**Task instructions**
Within the records below, find the line with "Sukně Striped Linen" and the line with "(Color : Yellow)", then reproduce exactly those two lines and all lines between them, without any picture.

**Data section**
= = = = = = =
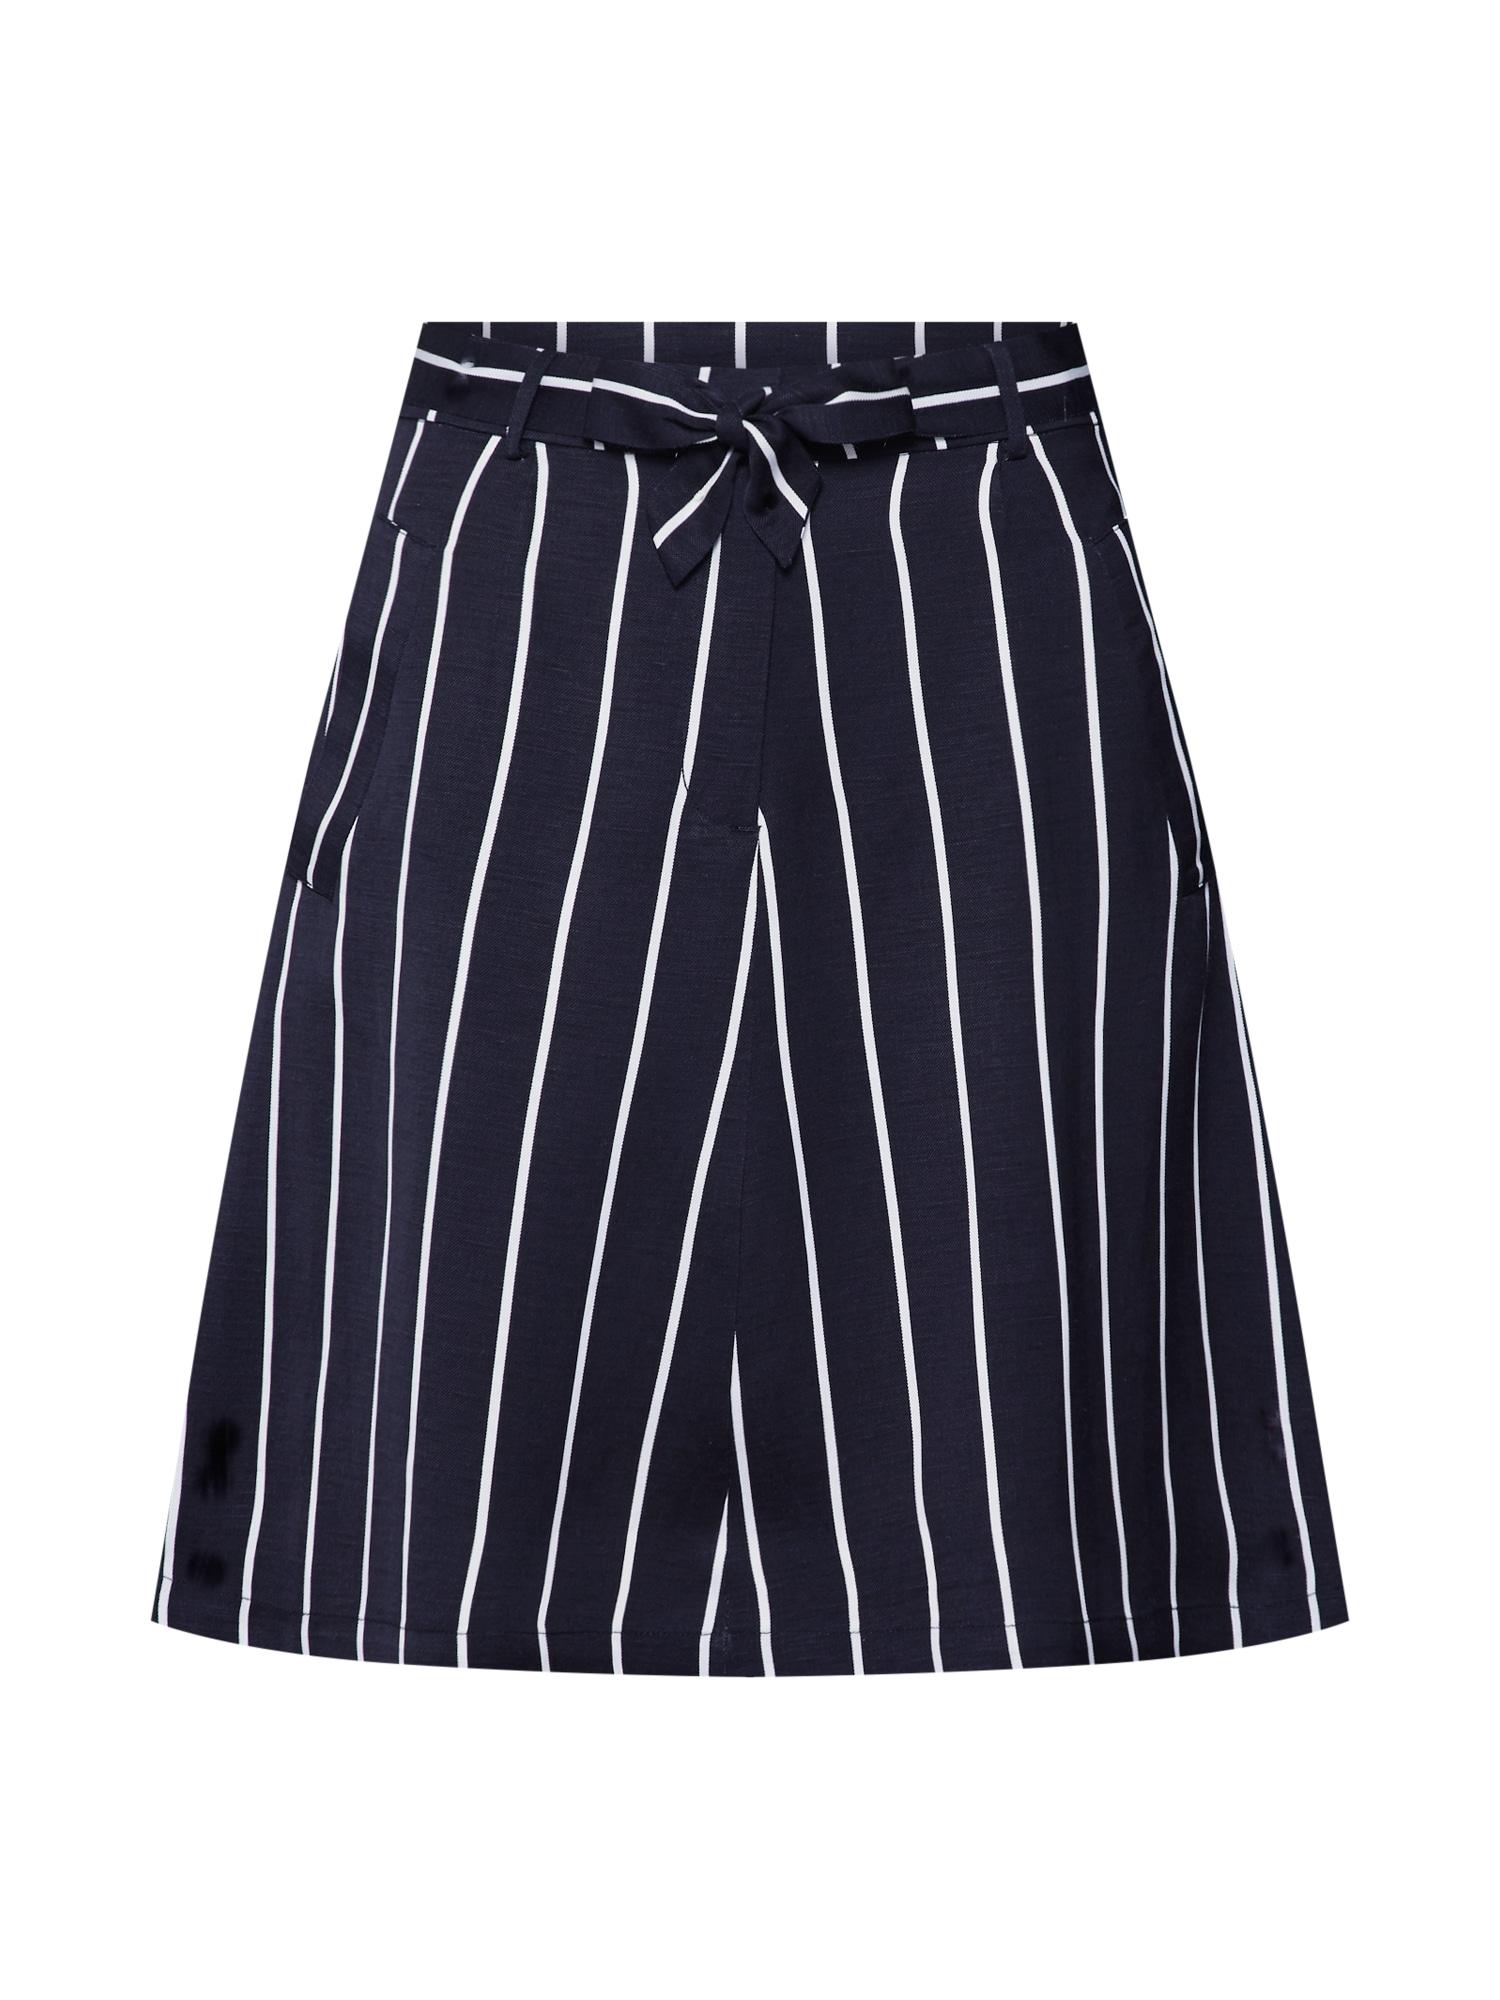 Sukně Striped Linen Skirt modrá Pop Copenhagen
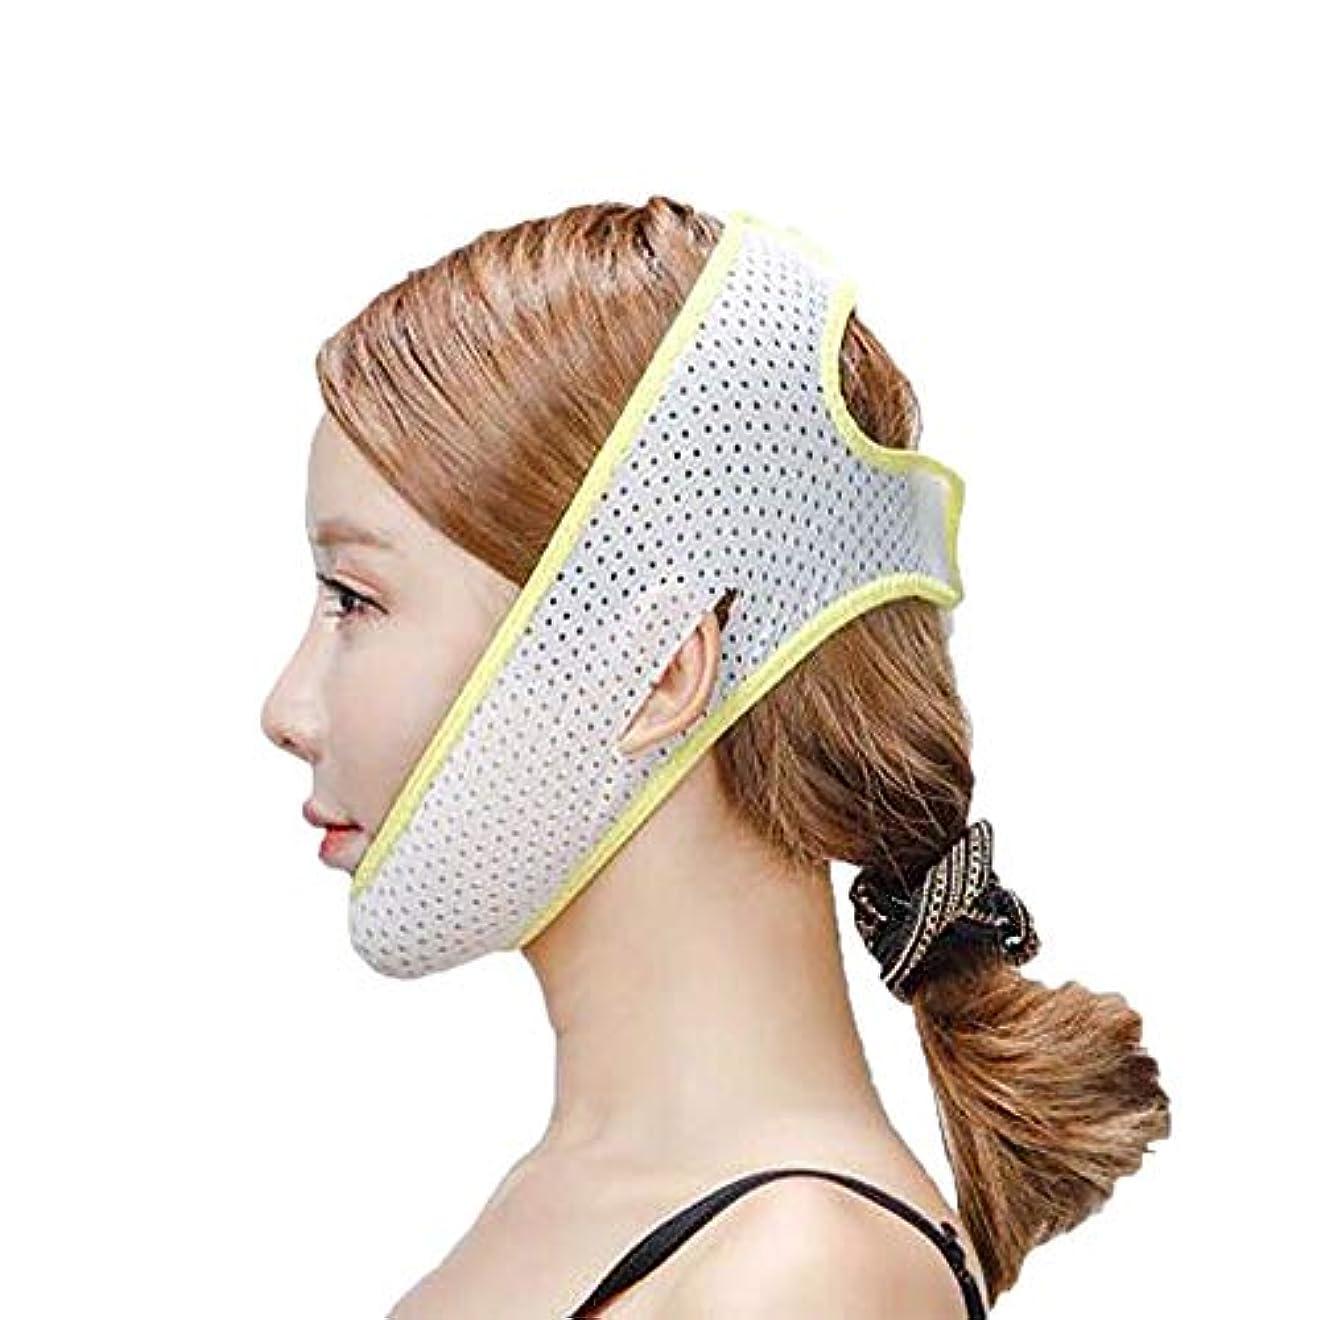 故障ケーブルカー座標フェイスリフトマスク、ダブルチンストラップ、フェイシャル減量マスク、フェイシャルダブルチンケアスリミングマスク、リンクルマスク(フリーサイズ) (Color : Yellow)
= = = = = = =
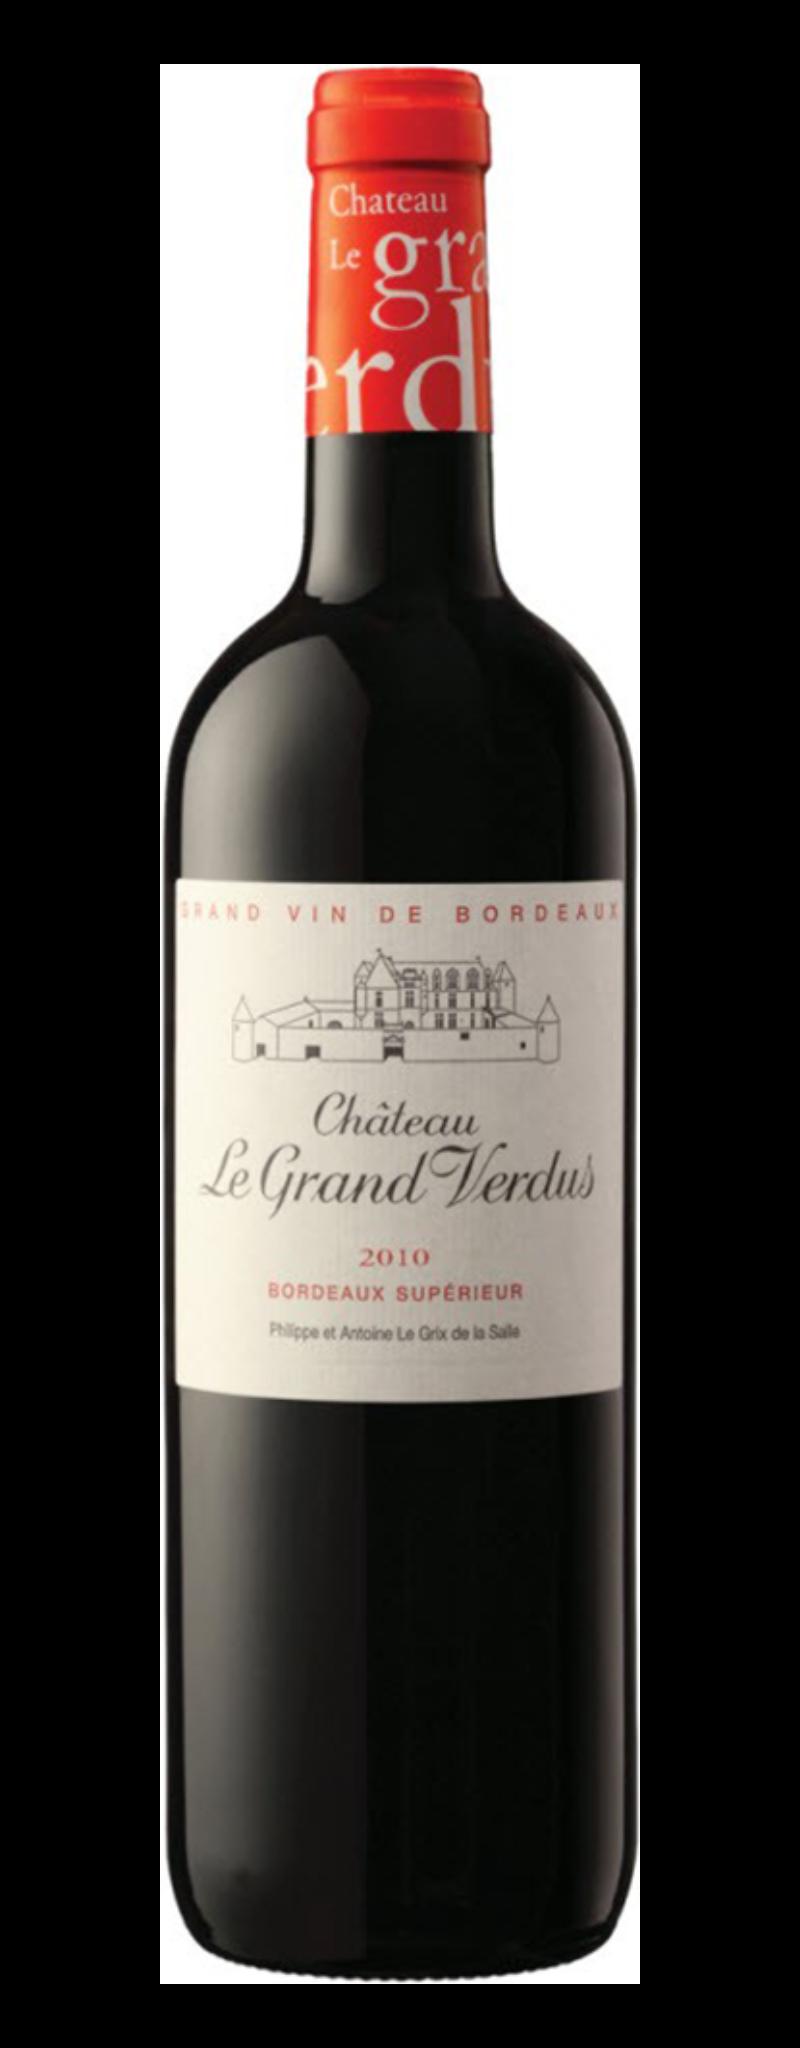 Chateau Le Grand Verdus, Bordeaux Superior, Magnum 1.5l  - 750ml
= = = = = = =
**Task result**
 Sukně Striped Linen Skirt modrá Pop Copenhagen
 故障ケーブルカー座標フェイスリフトマスク、ダブルチンストラップ、フェイシャル減量マスク、フェイシャルダブルチンケアスリミングマスク、リンクルマスク(フリーサイズ) (Color : Yellow)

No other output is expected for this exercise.